Paylaş
Bizi her zamanki güler yüzlü tavrı ve herkesi kendisine hayran bırakan müthiş zarif, tevazulu haliyle karşıladı. Cemalnur Hoca yeni kitabı “Namaz”ın raflarda yerini almasının mutluluğunu yaşıyordu. Ben sordum, hoca da sağ olsun kırmadı, yorulmadı, hepsini birer birer yanıtladı. Sohbetimize oğlu Kerim Güç de katıldı. Bana da ancak üç günde toparlayabileceğim harika bir tasavvuf sohbetini sizlerle paylaşmak kaldı. Cümleten hayırlı Ramazanlar...
* İslam’ın beş şartından biri olan oruç farizasını yerine getirdiğimiz, 11 ayın sultanı Ramazan’dayız...

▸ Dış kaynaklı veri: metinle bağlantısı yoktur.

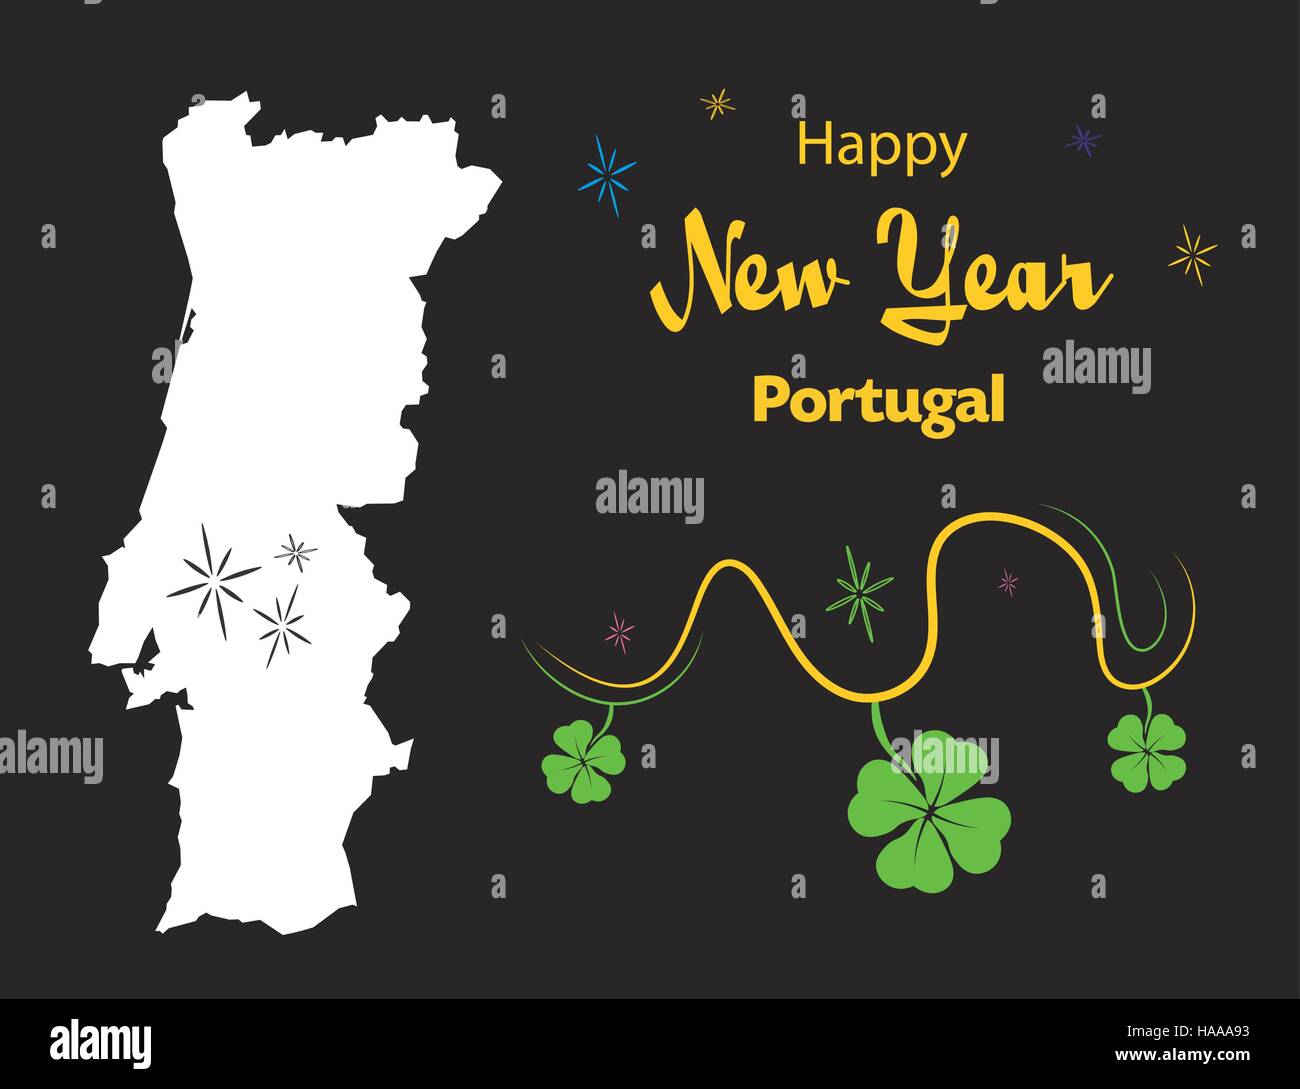 Happy New Year illustration theme with map of Portugal Stock Vector

- Ne mutlu bize oğlum! Ramazan, Allah’ın lütfuyla bütün ayların üzerinde şifa ve rahmet veren aydır. O kelimedeki her harfin bile ayrı bir manası vardır. R harfiyle başlar mesela, bu rahmet demektir. Allah’ın nurunun üzerimize yağacağı anlamına gelen N harfiyle de biter. Aslında Allah’ın üstün kıldığı ve biz kullarına fırsat olarak tanıdığı bir aydır Ramazan...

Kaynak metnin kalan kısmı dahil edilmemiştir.